## Data block
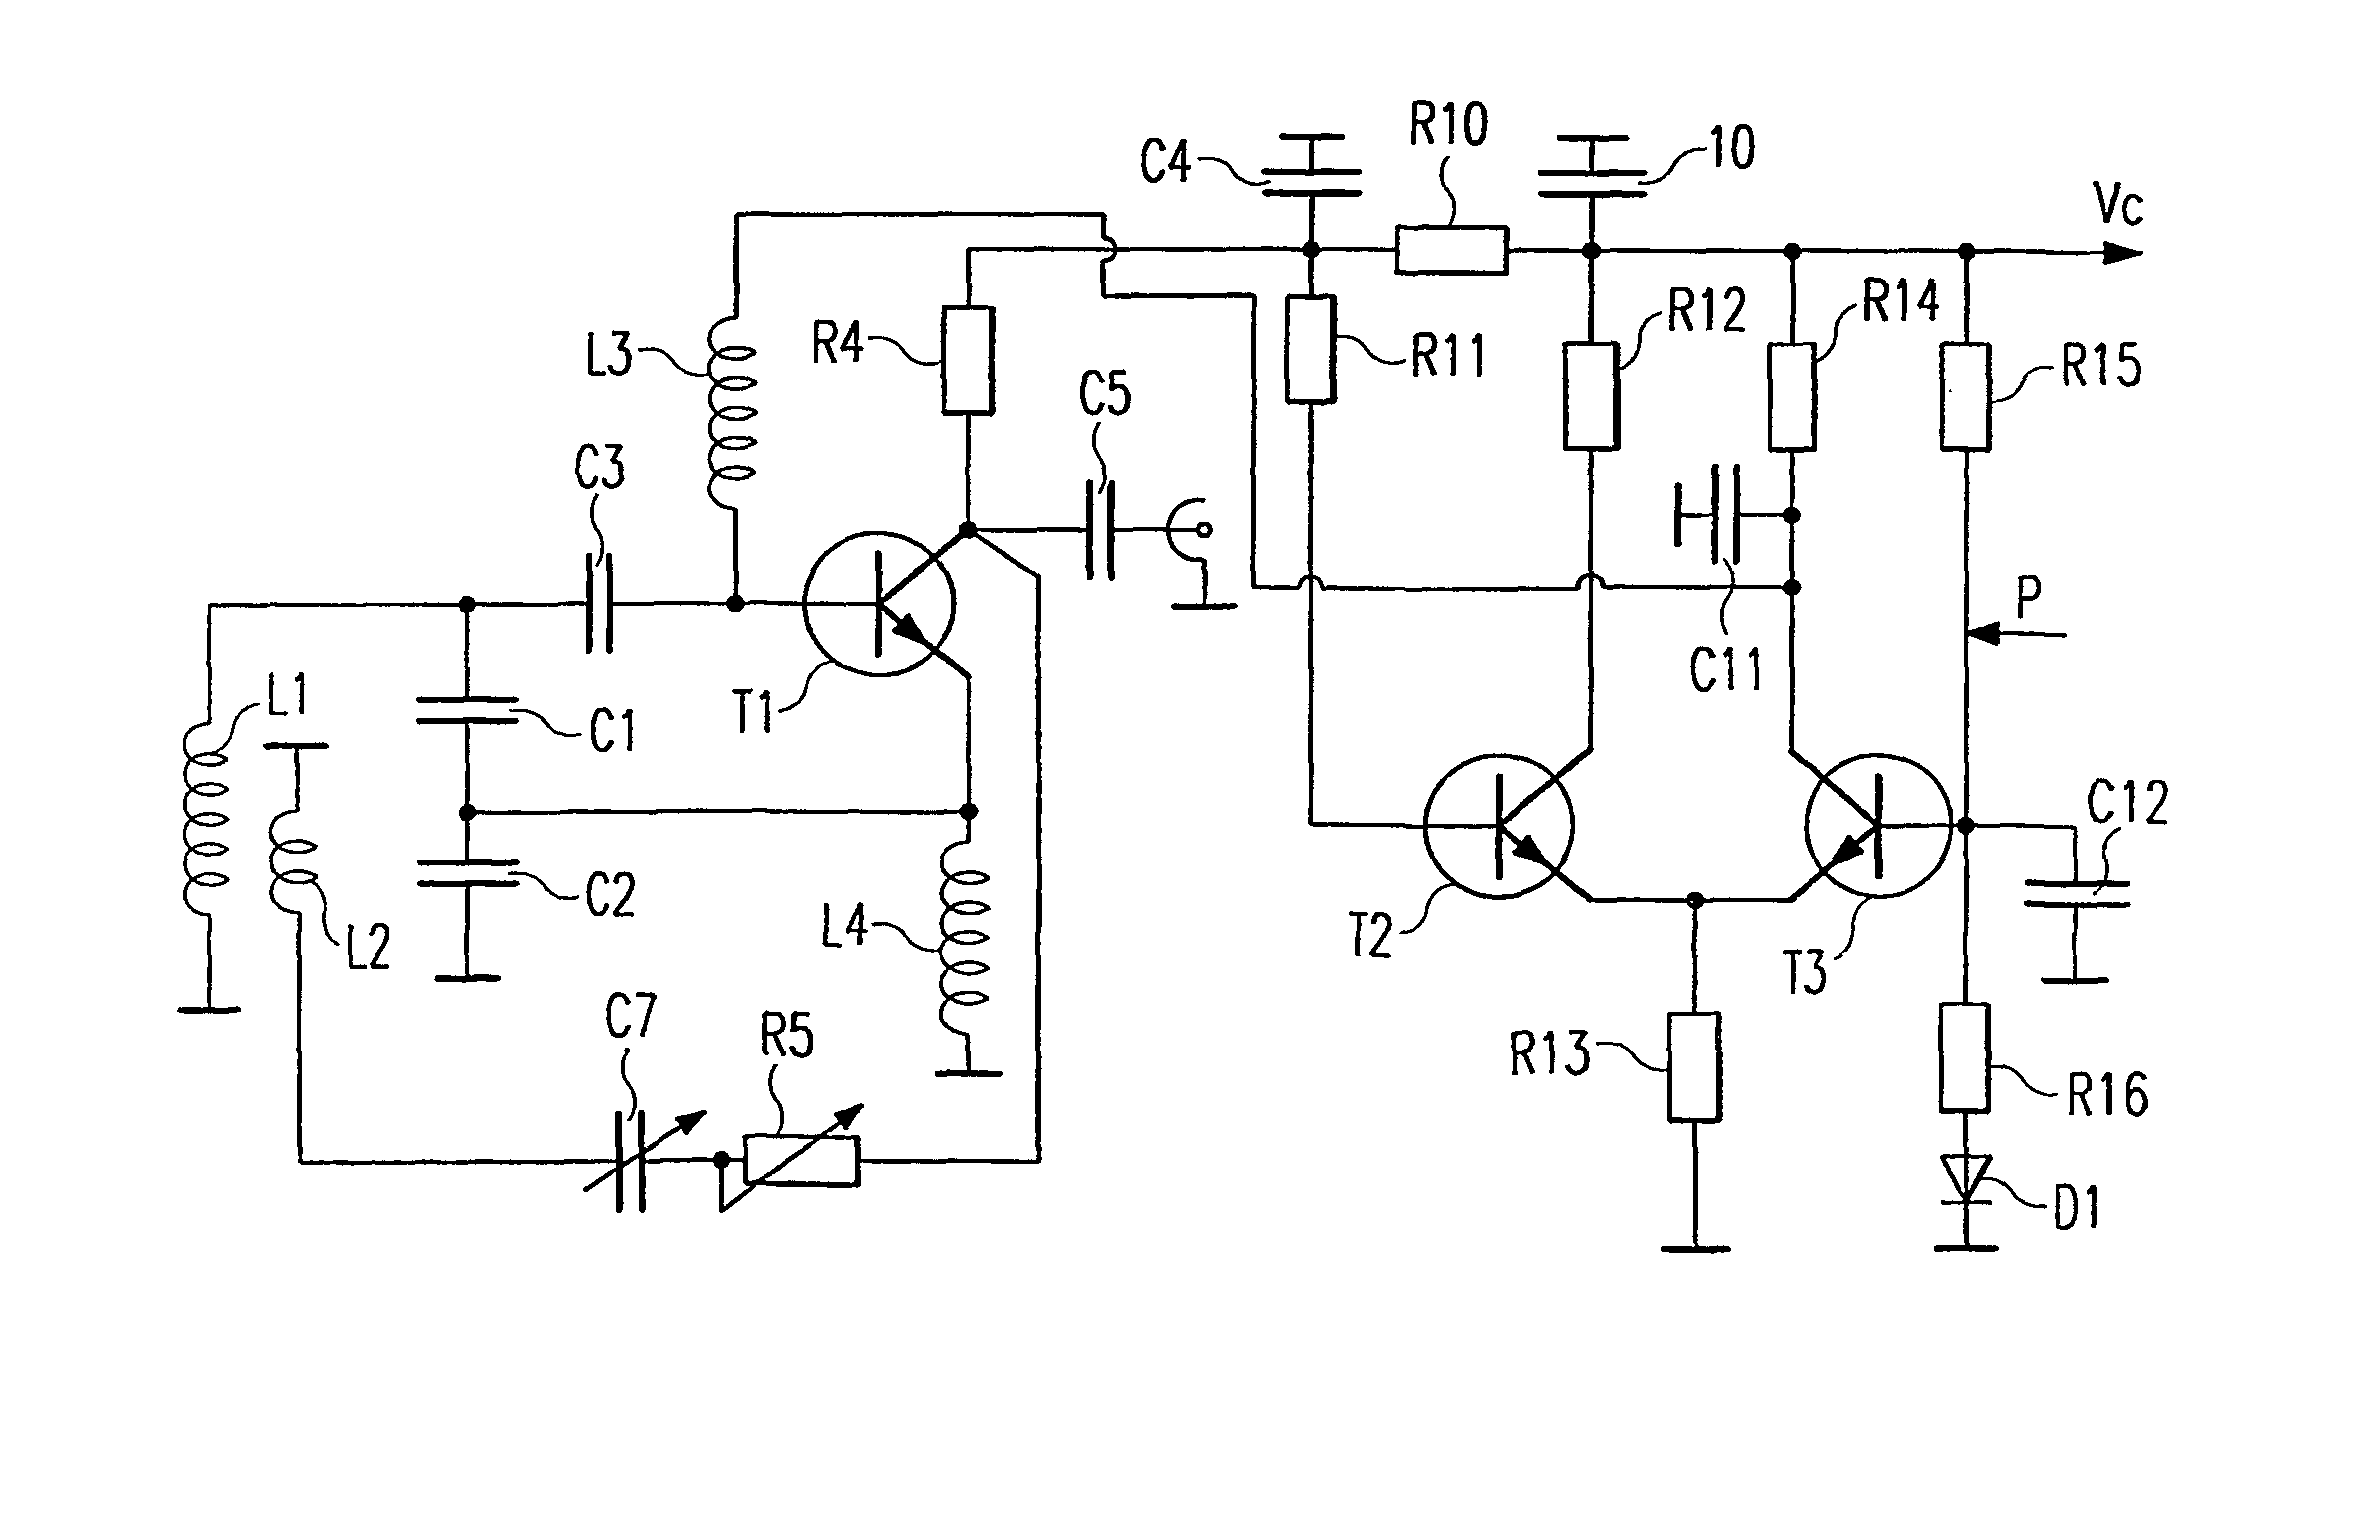 Oscillator circuit configuration
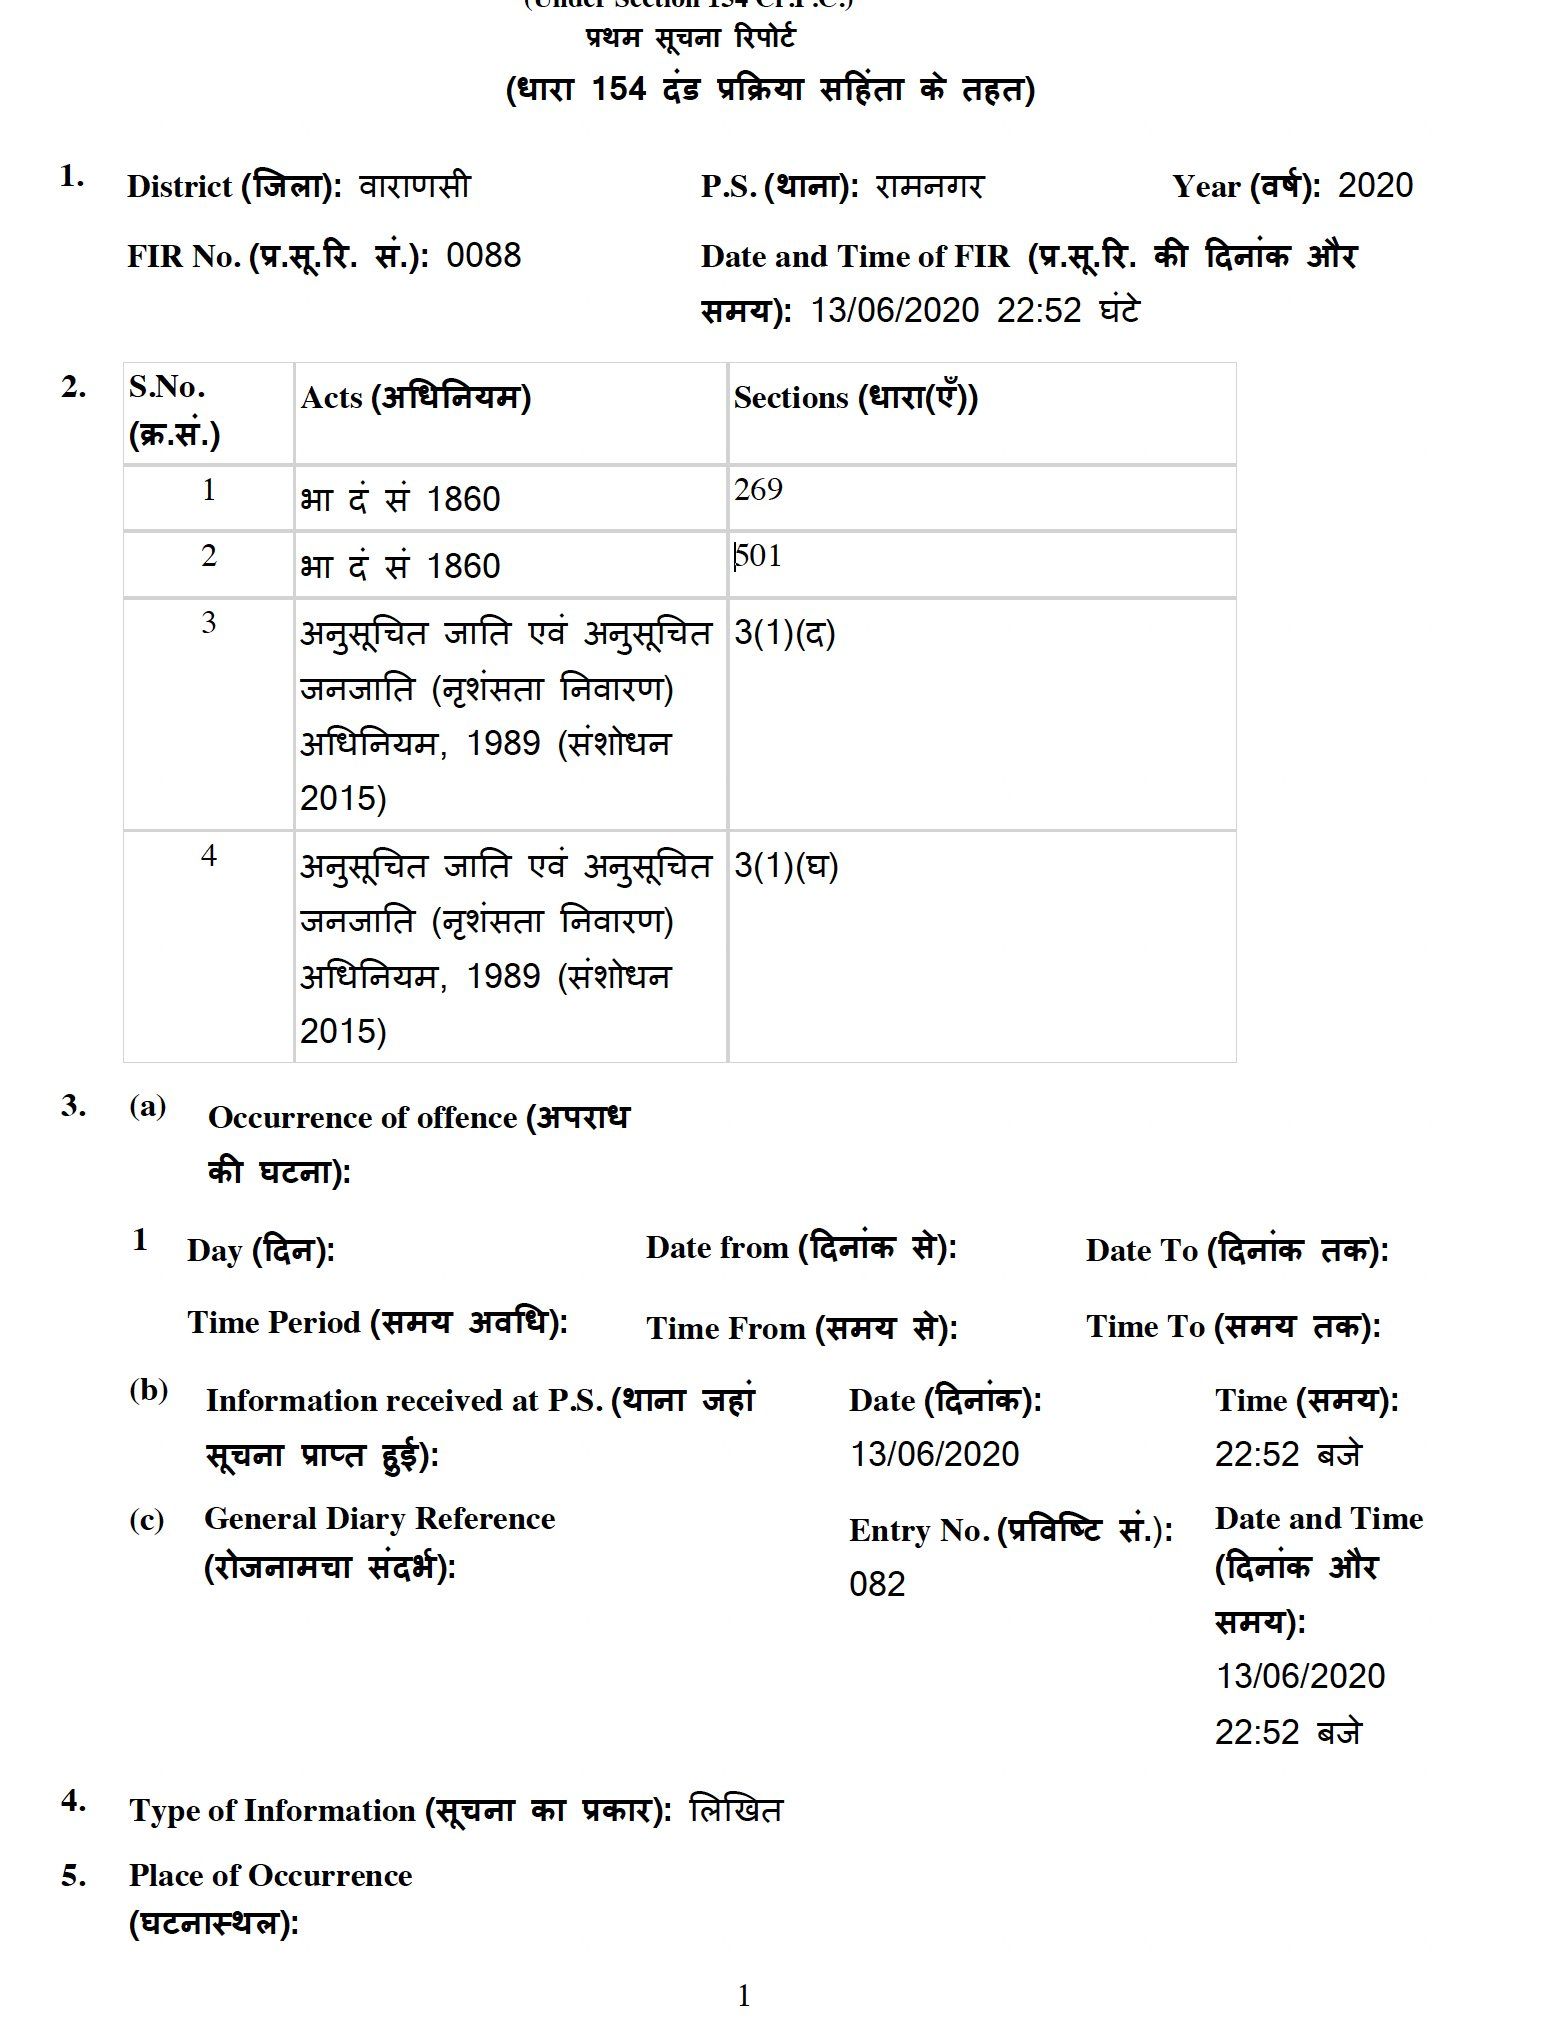 UP Police registered FIR against Scroll.in executive editor Supriya Sharma  - Satya Hindi
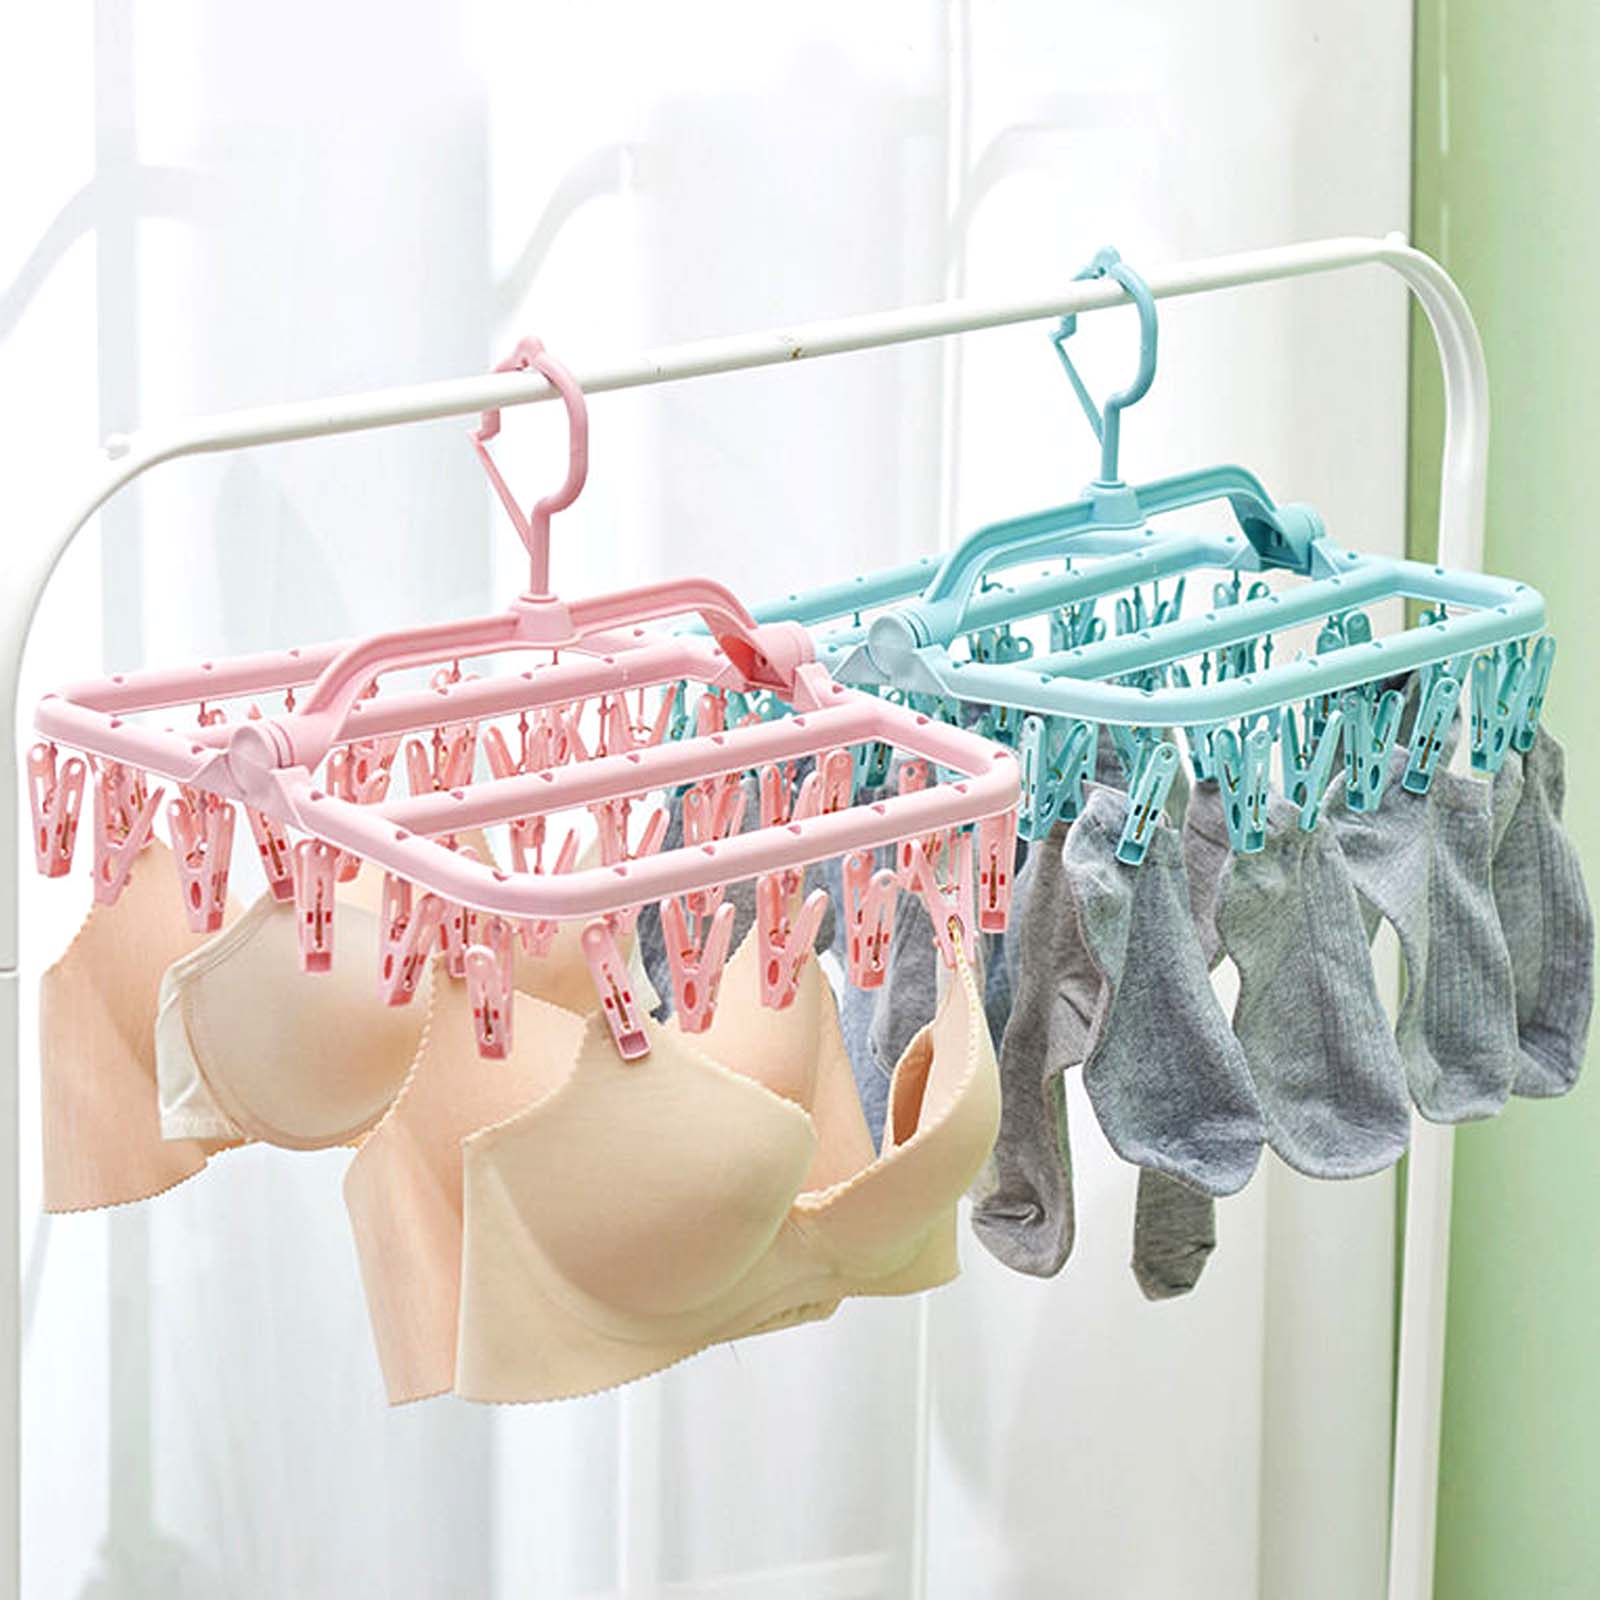 rUrEu Perchas de plástico para secar ropa, con múltiples clips, para colgar  en la pared, plegable, balcón, baño, secado, ropa interior, calcetines

## What you have to do
Line by line, output the material above exactly, passing over the pictures.

## Output of the task
 Oscillator circuit configuration
 UP Police registered FIR against Scroll.in executive editor Supriya Sharma  - Satya Hindi
 rUrEu Perchas de plástico para secar ropa, con múltiples clips, para colgar  en la pared, plegable, balcón, baño, secado, ropa interior, calcetines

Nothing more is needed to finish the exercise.